Mother, Daddy, and The Engineer made up a taxi schedule, getting me to and from work. When The Engineer and I went on dates, I rode in the backseat where I could stretch my casted leg out on the seat, and we held hands over the back of the front seat, leaving him to steer with his left hand. Once we went to a place that offered valet parking, and you should’ve seen the look on the parking attendant’s face as he tried to figure out which door(s) to open. Fortunately for him, I had it all figured out by then and could direct.

When I went in for my fifth week checkup, The Ortho took an x-ray and said he didn’t think my leg was ready to come out of the cast.
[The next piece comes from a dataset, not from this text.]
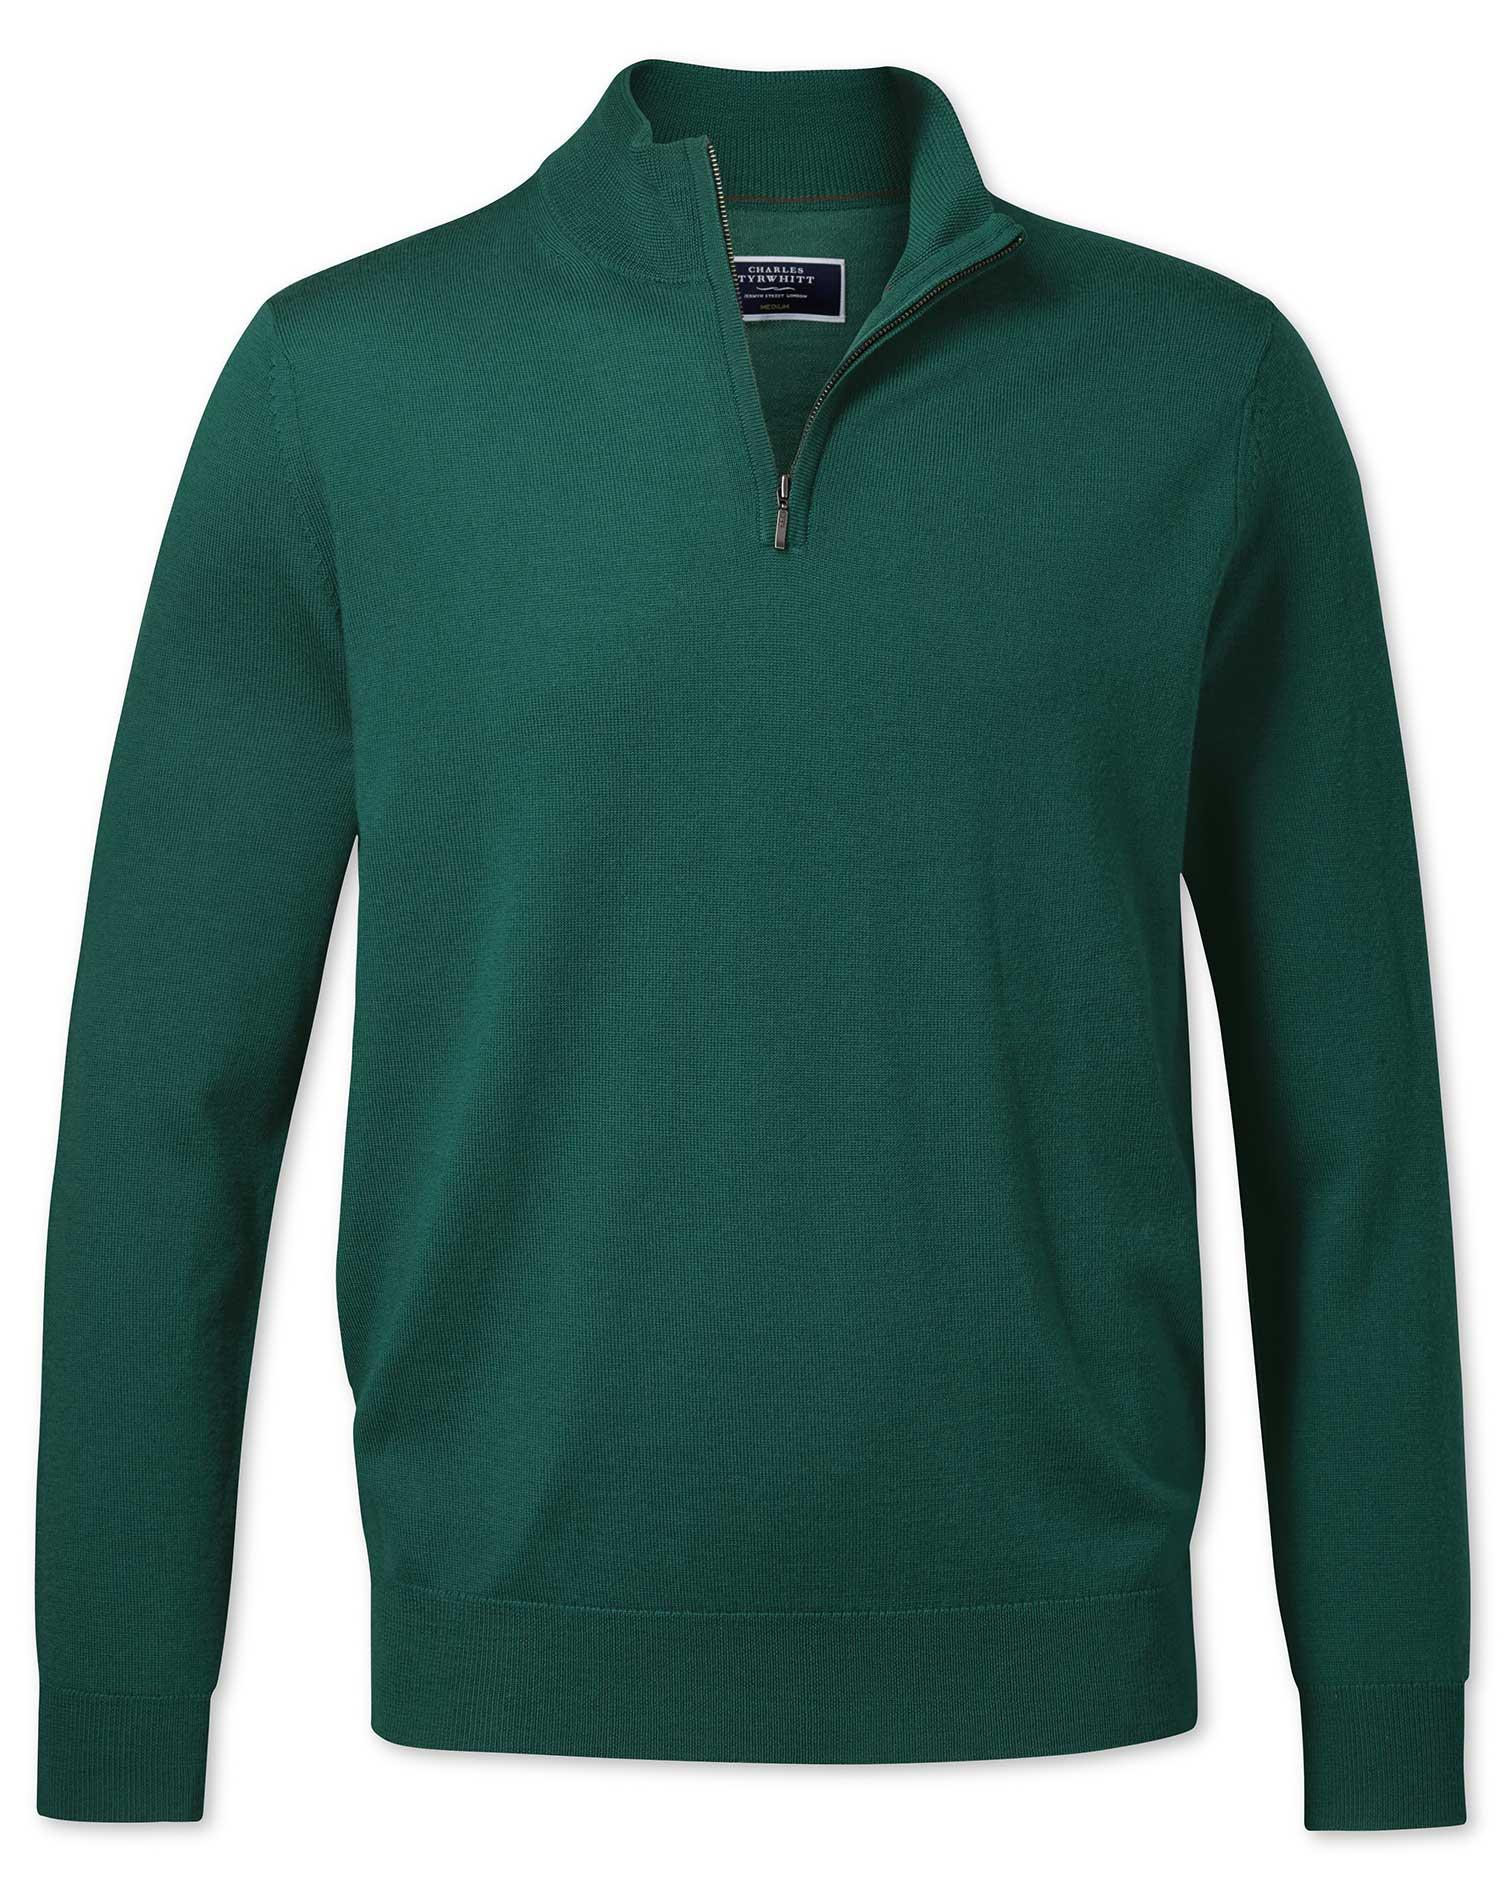 Dark Green Merino Zip Neck Merino Wool Jumper Size XL by Charles Tyrwhitt
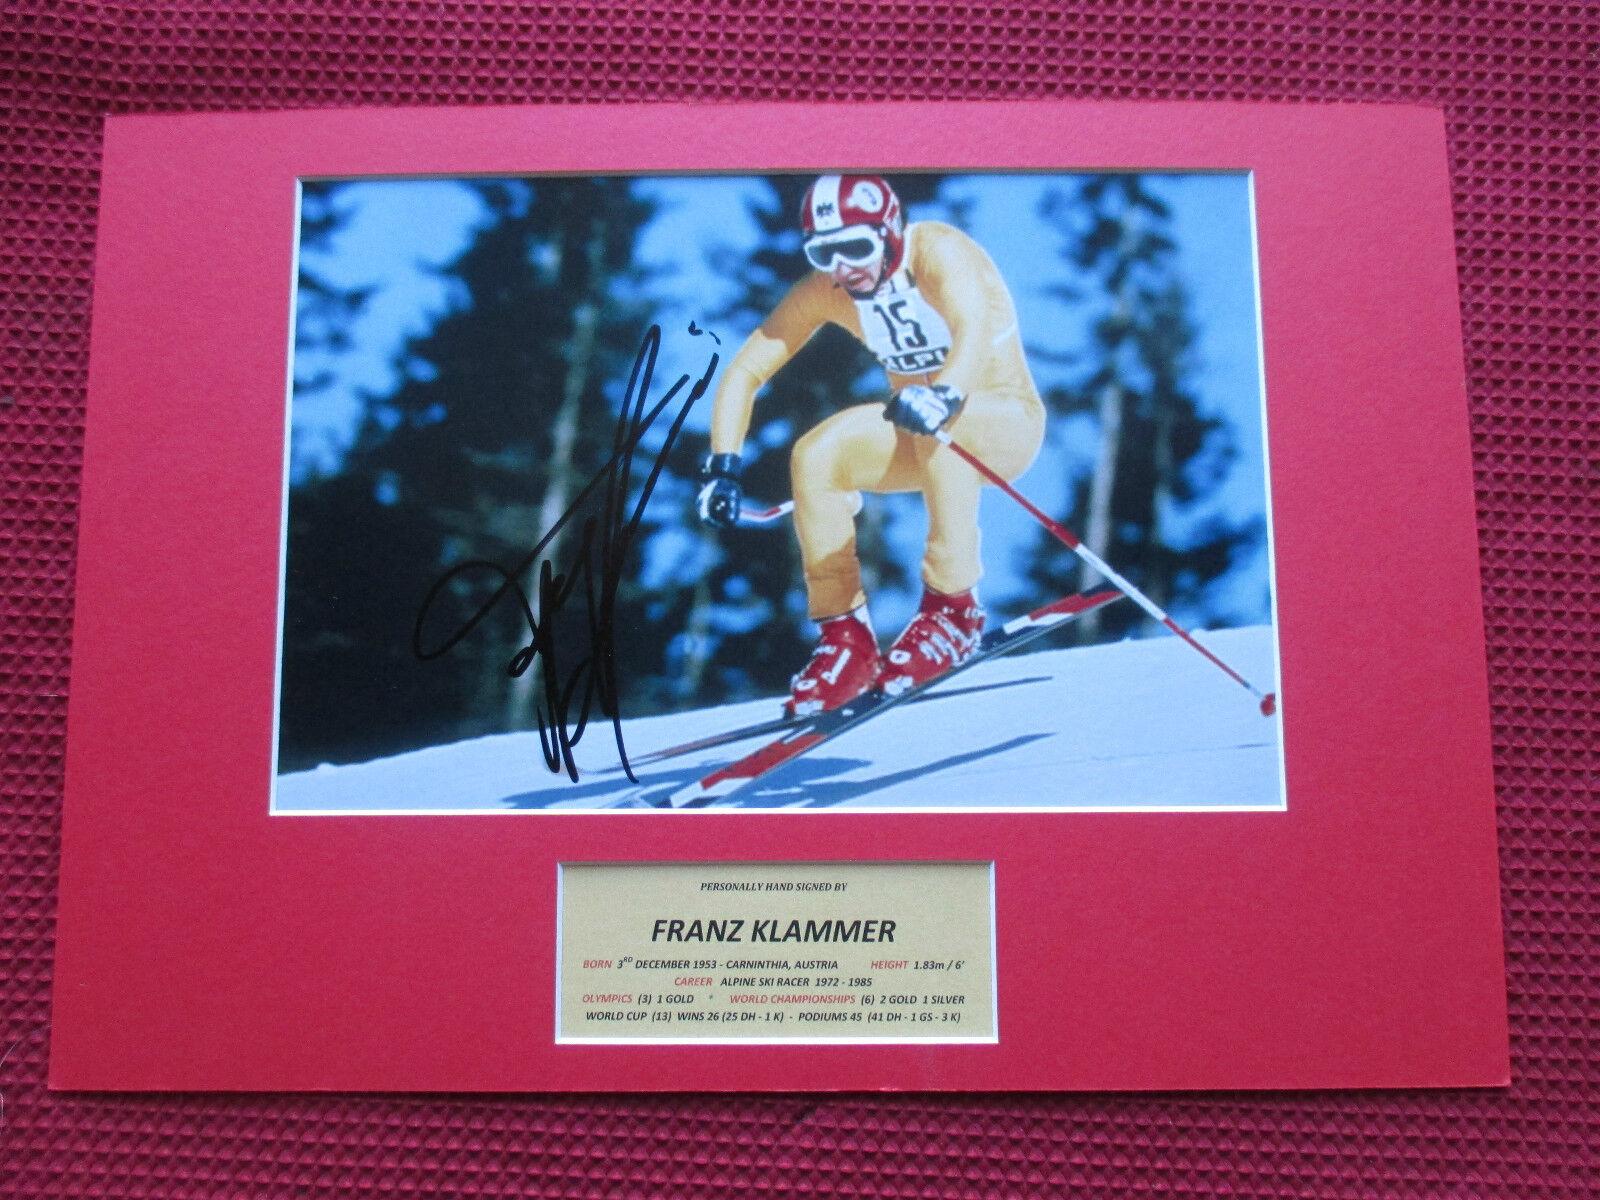 FRANZ KLAMMER CHAMPION SKIER GENUINE HAND SIGNED A3 MOUNTED PHOTO DISPLAY - COA

I grabbed him by the tie, pulled him down to my eye level, and said, “Go get your saw ’cause I’m getting married next weekend, and I’m not wearing this plaster cast under my pouffy white dress or on my honeymoon. Now scoot.”

He did, and I didn’t, and well, I’ll tell you more about that another time.

Oh, and the worst thing about when I got hit by the car (depending on who you ask)? I was wearing Jan’s dress, and when the car pushed me along Linden Avenue, the asphalt rubbed a hole in the upper back shoulder area. She was not happy, even after the dry cleaners did what I thought was a decent job of mending.